Participarão todos na regata? Não se sabe… ou não se quer dizer. Outros se lhe
juntarão? Não se sabe de certeza…. A ria e os seus arrais têm os seus
segredos…ai têm, têm.
Garanto
que não faltarão, o Marco Silva com
o seu moliceiro debutante, o Zé Rito, aguerrido e despachado, com toda
a sua genica e o Ré Rebeço, no A. Rendeiro, com quem conversei, homem
com alguma idade e que me confessou, mais uma vez, que eram a ria, o moliceiro e duas bateiras, que lhe davam vida. Caso contrário, residiria com um
filho, no Canadá.
Vamos
lá entender estas paixões…Lá que as há, há… São homens da ria.

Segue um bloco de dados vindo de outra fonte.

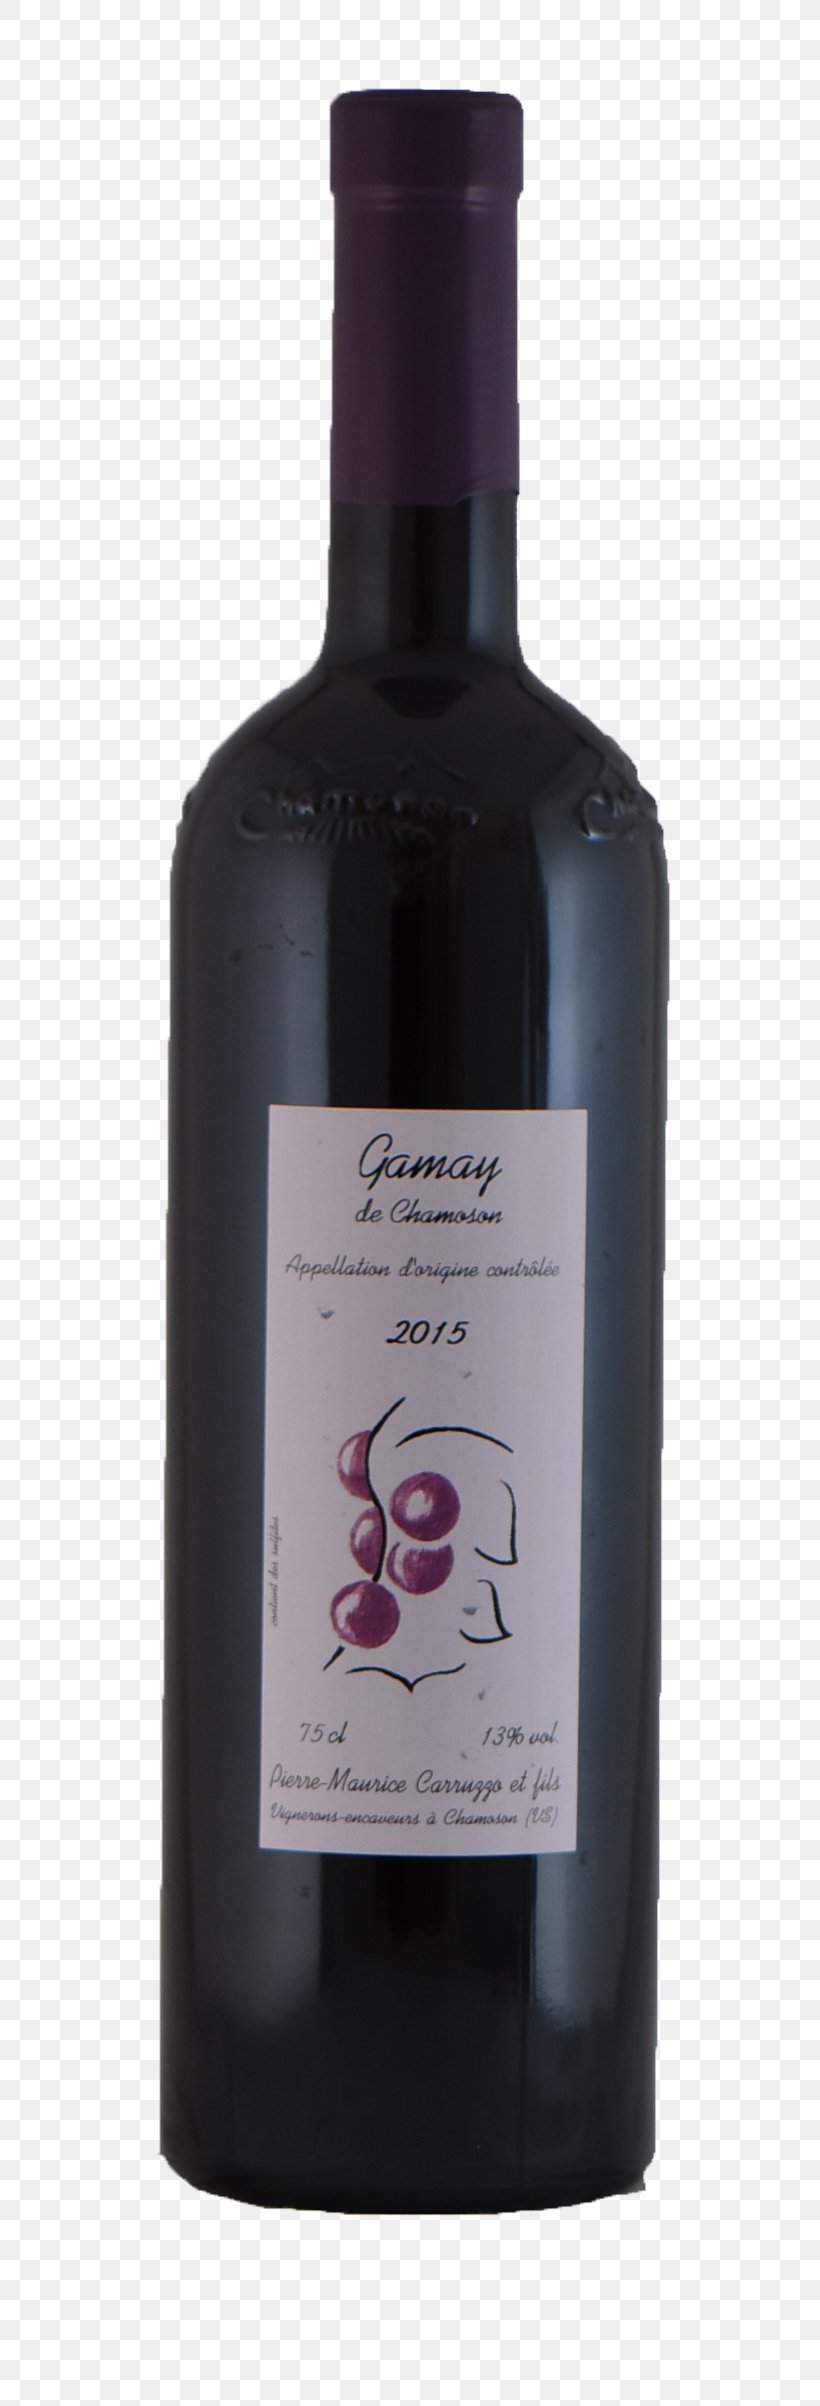 Leone De Castris Liqueur Red Wine Rosé, PNG, 722x2406px, Liqueur, Alcoholic Beverage, Bottle, Common Grape Vine, Distilled Beverage Download Free

«TANTA PASSARADA À SOLTA E EU A FAZER GAIOLAS!»
Depois
de descansar um pouco, enlevada num painel brejeiro, já acabado, a Etelvina
segredou-me que tinha uma surpresa para mim. O que seria? Um pescador, de meia-idade,
dentro de uma caçadeira, todo
enredado na limpeza da sua arte,
queria reconhecer uma senhora que, há anos, tinha feito um livro, que ele
guardava religiosamente, comprado na Expo 98, onde estava fotografado. Um tal Belo – sussurrava a Etelvina.
O
nome não me dizia nada, mas, chegada ao pé dele, sem nos reconhecermos,
perguntei-lhe outro nome – Salvador.
Ah!, o Salvador Belo, que pintou o
barco do Manuel Cachaço, das Quintas, reconstruído na sua própria eira pela
equipa habitual de reconstrução do mestre M. Raimundo, já desaparecido.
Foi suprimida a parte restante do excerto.